Уже по дороге к Кольке – мяснику Мишка заскочил на кладбище, предупредил руководство ритуальной конторы о проводимом ночью мероприятии и с помощью кладбищенского сторожа, нёсшего свою нелёгкую службу, как обычно, почему – то лишь до 17 – 00, а потом оставлявшего «охраняемый объект» на попечение, очевидно, «иных сил», нашёл могилу гражданина Воротникова. Итак, всё казалось в полном порядке и опять, как утром, ничто не предвещало беды...
***
Летом вечереет поздно. Разгулявшийся день не спешит оставлять веселье, он тянет с уходом до последнего, аж до тех пор, когда усталое солнце сползает за дальнюю горку, а небесное покрывало украшают новорожденные звёздочки.
Сиреневый августовский вечер, которому посвящён наш рассказ, наконец – то, вступил в свои права. Он был немного душным и пасмурным. Редкие уличные фонари выглядели робкими, а полная луна, довольно рано появившаяся на небе, работала по программе сокращённого рабочего времени - она часто и подолгу скрывалась за занавесью серых облаков, взявшихся неизвестно откуда.
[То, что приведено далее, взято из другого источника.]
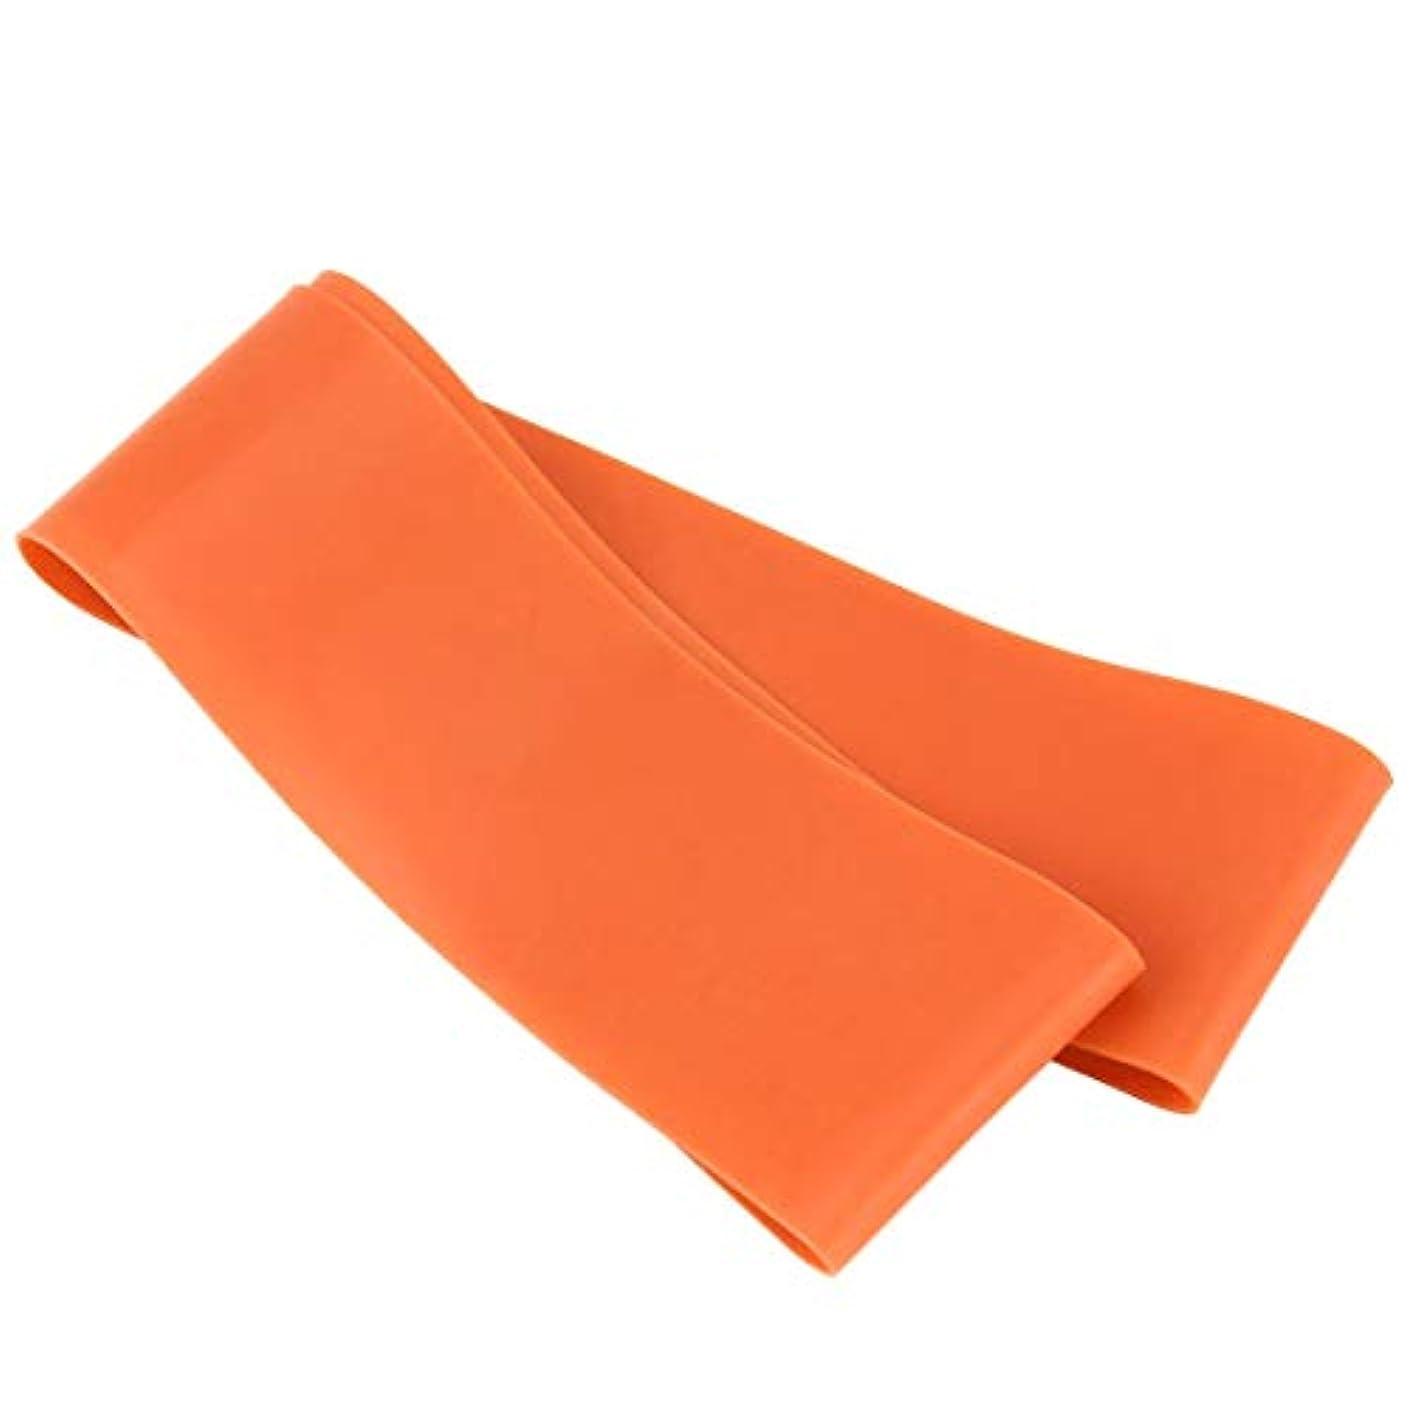 ジャンクヒューズ抽象化滑り止めの伸縮性のあるゴム製伸縮性がある伸縮性があるヨガベルトバンド引きロープの張力抵抗バンドループ強度のためのフィットネスヨガツール - オレンジ
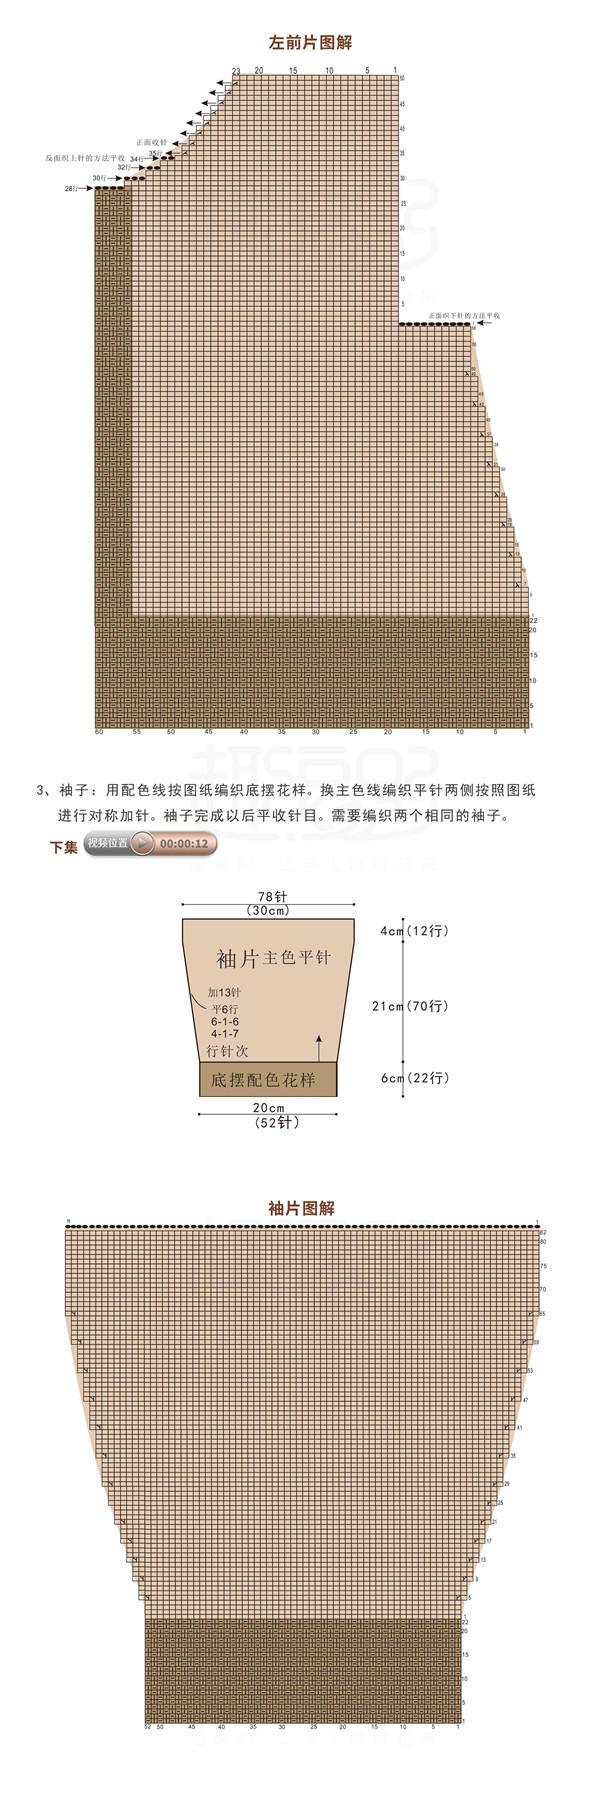 焦糖连帽开衫彩色图解-4.jpg

Вначале всё проходило гладко, как по накатанной колее, даже помощник прокурора Гумнов, встретившись с Мишкой в дежурной части, первым подал ему руку, приветствуя и ничем не выразил своей неприязни.
Единственная задержка получилась в КПЗ, поскольку среди «указников» не сразу нашлись желающие, даже за сокращение срока админареста, отправиться среди ночи на кладбище и превратиться в гробокопателей. Оказалось, что глупое, дремучее суеверие ещё столь крепко жило в сознании этих несознательных граждан.
Неоценимую помощь тут оказал «указник» по – фамилии Зверев – маленький, тщедушный и плешивый мужичонка, чьё заострившееся личико, с торчащим носиком и глазками – пуговками, походило, скорее, на хитрую мордочку ежа.
Зверев был в КПЗ «завсегдатаем», поскольку, напиваясь раз в месяц, строго после получки, всегда устраивал дома дебоши и пытался побить свою жену – огромную, могучую бабищу, выше его на две головы и тяжелее на добрых полста килограммов. После такого единоборства он, с подбитым глазом или с расцарапанным лицом, но с гордой, высоко поднятой головой, «приземлялся» на нарах, отбывая очередные 10 суток.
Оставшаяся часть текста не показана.